Just 10 years ago, there were only a thousand or so active satellites orbiting the Earth, but in a decade there will be tens or even hundreds of thousands.
Photos from open sources
Experts have been sounding the alarm for years that Earth’s orbit is getting too crowded. So, how many satellites can be safely placed in Earth orbit before there are too many? The answer to this question is not unambiguous. And that’s why.
Take Starlink from SpaceX as an example. According to information that Elon Musk’s company filed with the US Federal Communications Commission (FCC) last December, SpaceX’s autonomous collision avoidance system performed 26,037 orbit avoidance maneuvers with its Starlink satellites over a two-year period (from December 1, 2020 to November 30). 2022).
This means that each of the nearly 4,000 Starlink satellites that have been launched to date has completed an average of 12 evasive maneuvers in that time.
But the size of SpaceX’s current constellation is less than 10% of what the company plans to deploy.

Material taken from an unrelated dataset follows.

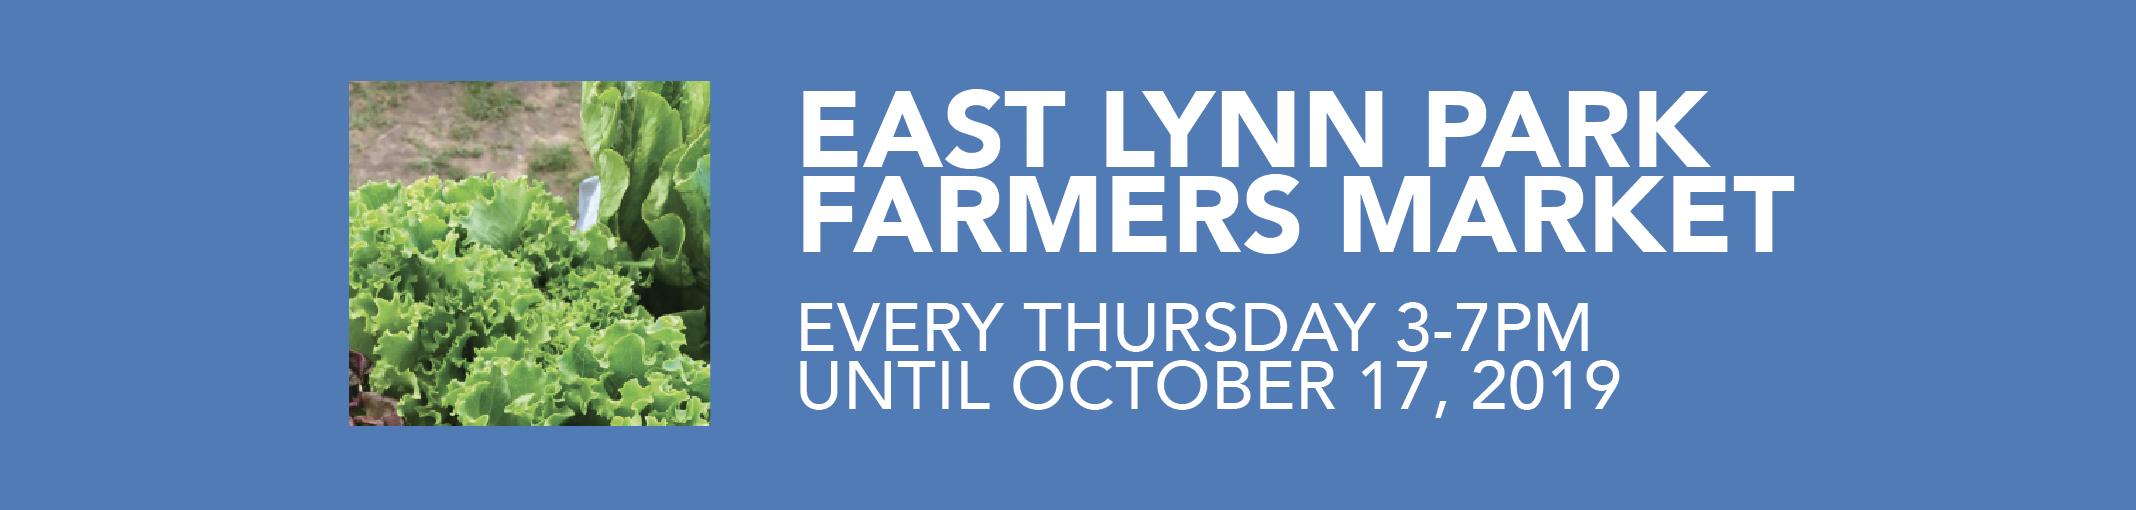 East Lynn Park Farmers Market

Over the next 10 years, the number of Starlink satellites in orbit could rise to 42,000. Add to that the up to 4,000 satellites that OneWeb wants to launch, another 3,200 Kuiper satellites from Amazon, and 13,000 satellites of the proposed Chinese Guowang system, and it becomes clear that things are much more worse.
According to the FCC document, SpaceX claims each of its satellites has enough propellant on board to perform 350 collision avoidance maneuvers over its expected five-year lifespan. But, according to the calculations of Hugh Lewis, professor of astronautics at the University of Southampton in the UK, this number can be reached not at all in five years, but much earlier.
He is echoed by his colleague astronomer and astrophysicist at the Harvard-Smithsonian Center for Astrophysics Jonathan McDowell:
“In five or ten years, we will have somewhere between 20,000 and 100,000 satellites, and I am very skeptical that at the maximum number of 100,000 it will be safe to operate.”
However, working satellites are only part of the problem. The European Space Agency estimates that near-Earth space is cluttered with about 36,500 pieces of space debris larger than 10 centimeters, about a million objects between 1 and 10 centimeters in size, and 130 million pieces smaller than one centimeter.
Therefore, astrophysicists are calling on space agencies to develop technology to remove the most dangerous pieces of orbital debris, determine the exact number of satellites that can be in different orbits, and establish rules for deorbiting these spacecraft.